Yeah. Too bad they don't know the position those fingers should really be in. Everyone misunderstood Mr. Parker's posture. Twin Dragons has a secret.


----------



## thesensei (May 9, 2005)

Doc said:
			
		

> Twin Dragons has a secret.



And the secret is??????     :idunno:


----------



## Simon Curran (May 9, 2005)

thesensei said:
			
		

> And the secret is?????? :idunno:


Very cool and functional, thanks DOC.:asian:


----------



## Doc (May 9, 2005)

SIMONCURRAN said:
			
		

> Very cool and functional, thanks DOC.:asian:


Oh yeah.
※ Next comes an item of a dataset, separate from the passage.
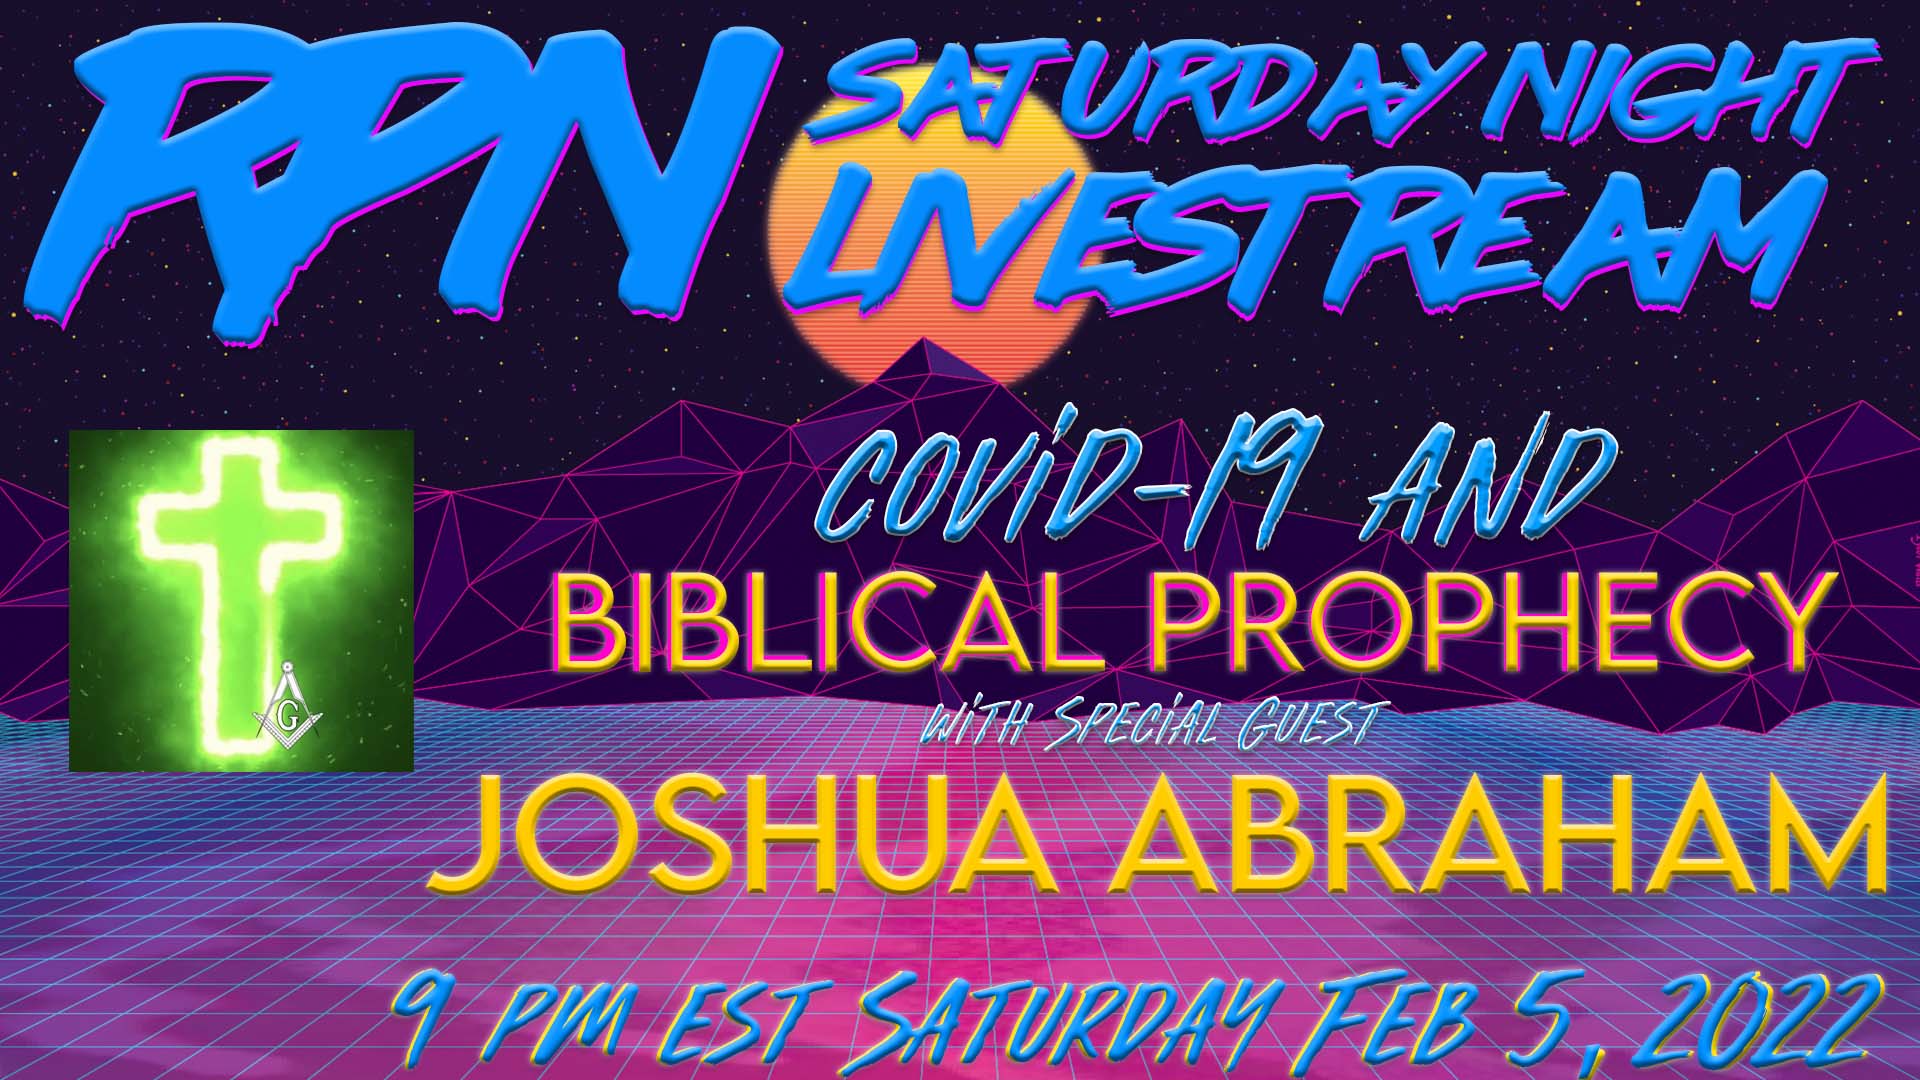 The 4th Industrial Revolution, CV-19 & Biblical Prophecy with Joshua Abraham on Saturday Night Livestream

That's right. I told you the "secret" at the seminar in England. Nobody would have ever guessed that one single finger could affect a persons structural integrity. I guess they'll have to catch one of my lectures. Thanks for reminding me Simon. Youdaman.


----------



## Simon Curran (May 9, 2005)

Doc said:
			
		

> Nobody would have ever guessed that one single finger could affect a persons structural integrity. I guess they'll have to catch one of my lectures.


Ain't that the truth!!!

My brother and I were trying a few of the "experiments" last night at free training, and our instructor commented on how much of it reminded him of his Kung Fu days...
They weren't altogether dumn those old Chinese folks...


----------



## Doc (May 9, 2005)

SIMONCURRAN said:
			
		

> Ain't that the truth!!!
> 
> My brother and I were trying a few of the "experiments" last night at free training, and our instructor commented on how much of it reminded him of his Kung Fu days...
> They weren't altogether dumn those old Chinese folks...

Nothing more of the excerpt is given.